-- WHAT THE EXERCISE ASKS --
Below are entries. Reproduce exactly the lines between the line holding "French work by Jacques Blin." and the line holding "Perfect original condition.", inclusive, and only those.

-- RECORDS PROVIDED --
********************

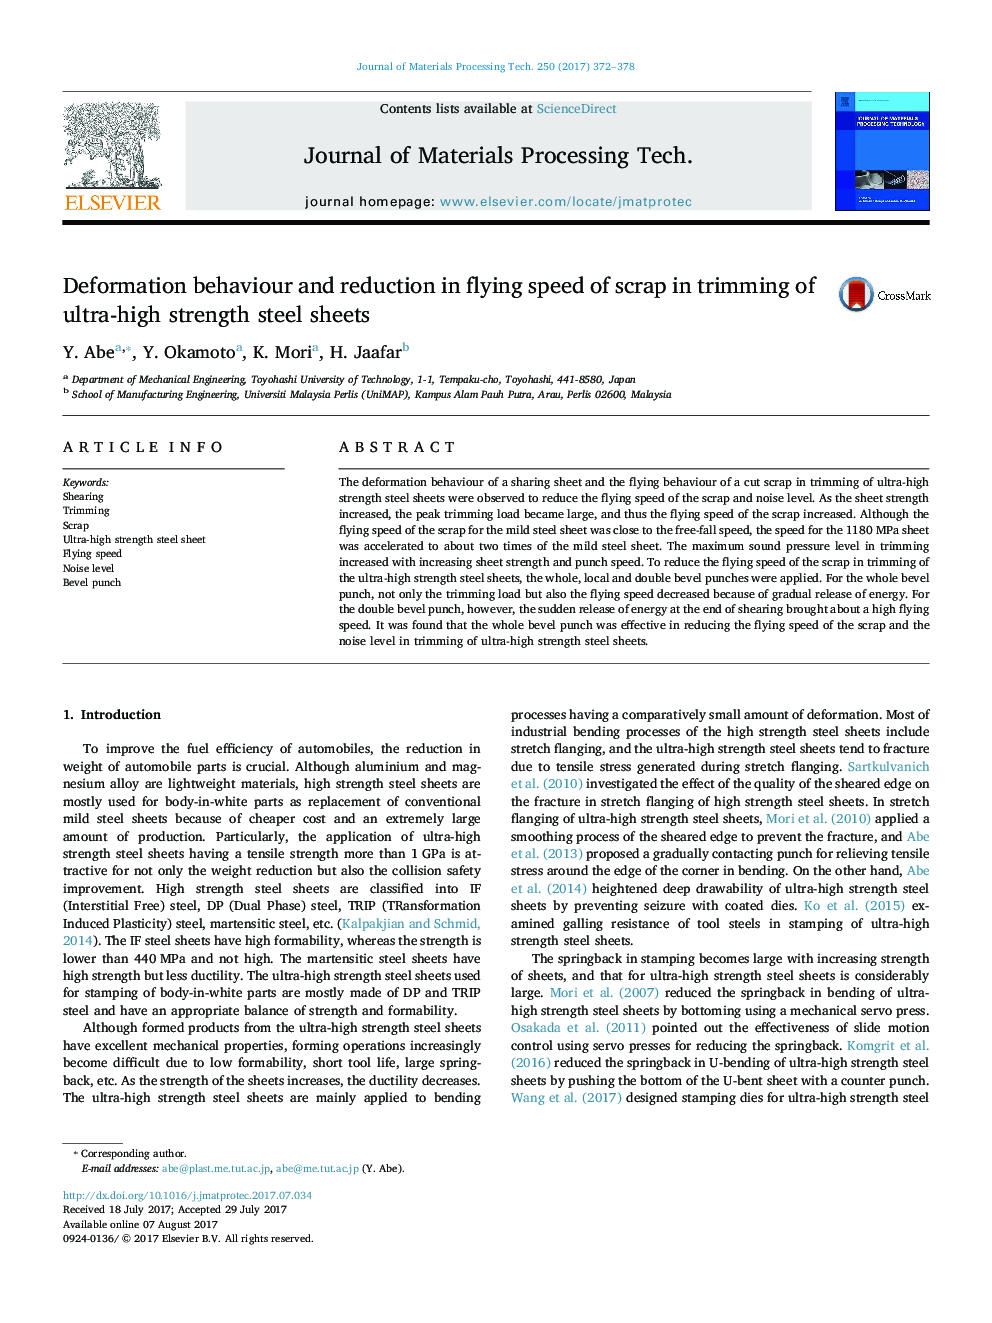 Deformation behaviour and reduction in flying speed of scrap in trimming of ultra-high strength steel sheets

********************

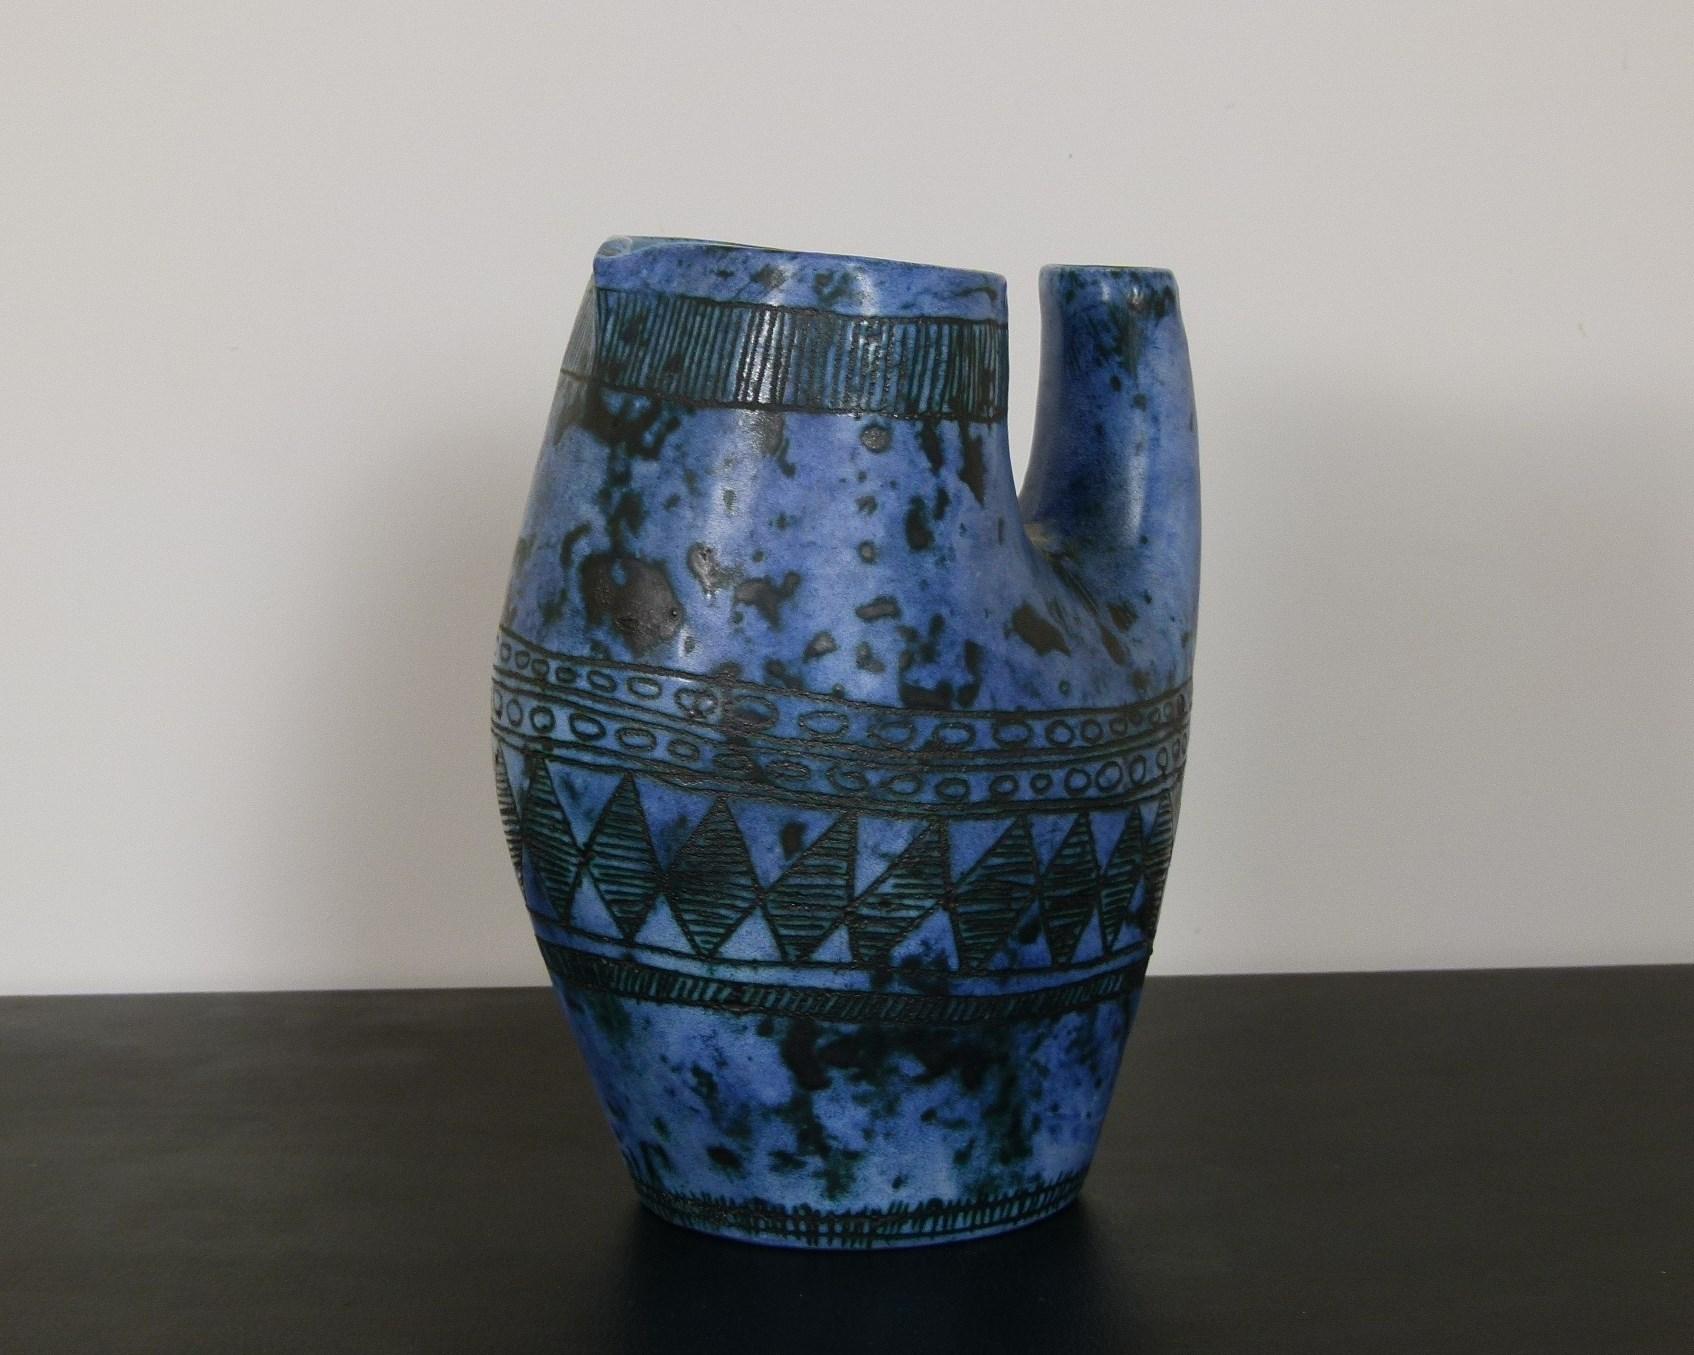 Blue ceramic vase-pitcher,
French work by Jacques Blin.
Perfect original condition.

********************

-- ANSWER TO THIS EXERCISE --
French work by Jacques Blin.
Perfect original condition.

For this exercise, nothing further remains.